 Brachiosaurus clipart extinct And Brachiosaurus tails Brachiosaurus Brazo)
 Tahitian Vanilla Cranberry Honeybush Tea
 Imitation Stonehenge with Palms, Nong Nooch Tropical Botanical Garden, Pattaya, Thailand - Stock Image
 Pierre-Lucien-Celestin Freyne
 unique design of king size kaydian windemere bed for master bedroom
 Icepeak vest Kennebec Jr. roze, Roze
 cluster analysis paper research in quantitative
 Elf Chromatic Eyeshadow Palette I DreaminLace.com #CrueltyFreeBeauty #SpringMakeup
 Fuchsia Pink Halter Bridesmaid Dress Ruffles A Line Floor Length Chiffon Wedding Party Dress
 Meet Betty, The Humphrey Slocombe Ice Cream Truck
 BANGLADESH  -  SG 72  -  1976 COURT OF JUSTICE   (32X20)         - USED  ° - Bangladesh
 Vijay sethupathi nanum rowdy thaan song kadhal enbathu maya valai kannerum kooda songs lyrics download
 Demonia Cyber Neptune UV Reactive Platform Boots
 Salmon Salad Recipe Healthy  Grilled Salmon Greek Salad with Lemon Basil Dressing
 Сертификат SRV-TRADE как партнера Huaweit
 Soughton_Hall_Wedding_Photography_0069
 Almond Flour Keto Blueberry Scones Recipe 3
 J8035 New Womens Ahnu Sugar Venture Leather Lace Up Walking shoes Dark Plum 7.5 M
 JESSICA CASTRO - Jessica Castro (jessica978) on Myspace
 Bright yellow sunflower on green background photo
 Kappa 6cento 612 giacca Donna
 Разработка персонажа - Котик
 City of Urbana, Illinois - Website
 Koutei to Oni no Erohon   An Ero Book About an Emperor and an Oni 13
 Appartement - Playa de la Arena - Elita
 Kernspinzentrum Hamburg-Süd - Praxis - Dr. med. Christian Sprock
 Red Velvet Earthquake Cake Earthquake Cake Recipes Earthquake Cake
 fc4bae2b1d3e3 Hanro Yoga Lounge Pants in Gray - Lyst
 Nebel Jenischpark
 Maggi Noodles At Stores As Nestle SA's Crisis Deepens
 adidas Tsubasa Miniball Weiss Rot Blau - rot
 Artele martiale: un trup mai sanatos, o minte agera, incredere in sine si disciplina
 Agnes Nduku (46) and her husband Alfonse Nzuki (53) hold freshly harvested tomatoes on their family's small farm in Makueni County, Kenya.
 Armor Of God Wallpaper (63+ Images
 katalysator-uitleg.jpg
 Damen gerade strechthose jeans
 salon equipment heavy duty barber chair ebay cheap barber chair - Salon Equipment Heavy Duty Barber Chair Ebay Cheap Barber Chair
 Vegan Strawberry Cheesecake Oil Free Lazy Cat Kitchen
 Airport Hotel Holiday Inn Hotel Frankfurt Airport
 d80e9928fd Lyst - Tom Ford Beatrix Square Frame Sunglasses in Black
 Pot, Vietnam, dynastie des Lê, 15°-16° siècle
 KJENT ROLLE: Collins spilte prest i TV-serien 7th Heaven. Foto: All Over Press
----
Output each line of the records above exactly, beginning at the first, and stop once the line containing "Fuchsia Pink Halter" has been output.

 Brachiosaurus clipart extinct And Brachiosaurus tails Brachiosaurus Brazo)
 Tahitian Vanilla Cranberry Honeybush Tea
 Imitation Stonehenge with Palms, Nong Nooch Tropical Botanical Garden, Pattaya, Thailand - Stock Image
 Pierre-Lucien-Celestin Freyne
 unique design of king size kaydian windemere bed for master bedroom
 Icepeak vest Kennebec Jr. roze, Roze
 cluster analysis paper research in quantitative
 Elf Chromatic Eyeshadow Palette I DreaminLace.com #CrueltyFreeBeauty #SpringMakeup
 Fuchsia Pink Halter Bridesmaid Dress Ruffles A Line Floor Length Chiffon Wedding Party Dress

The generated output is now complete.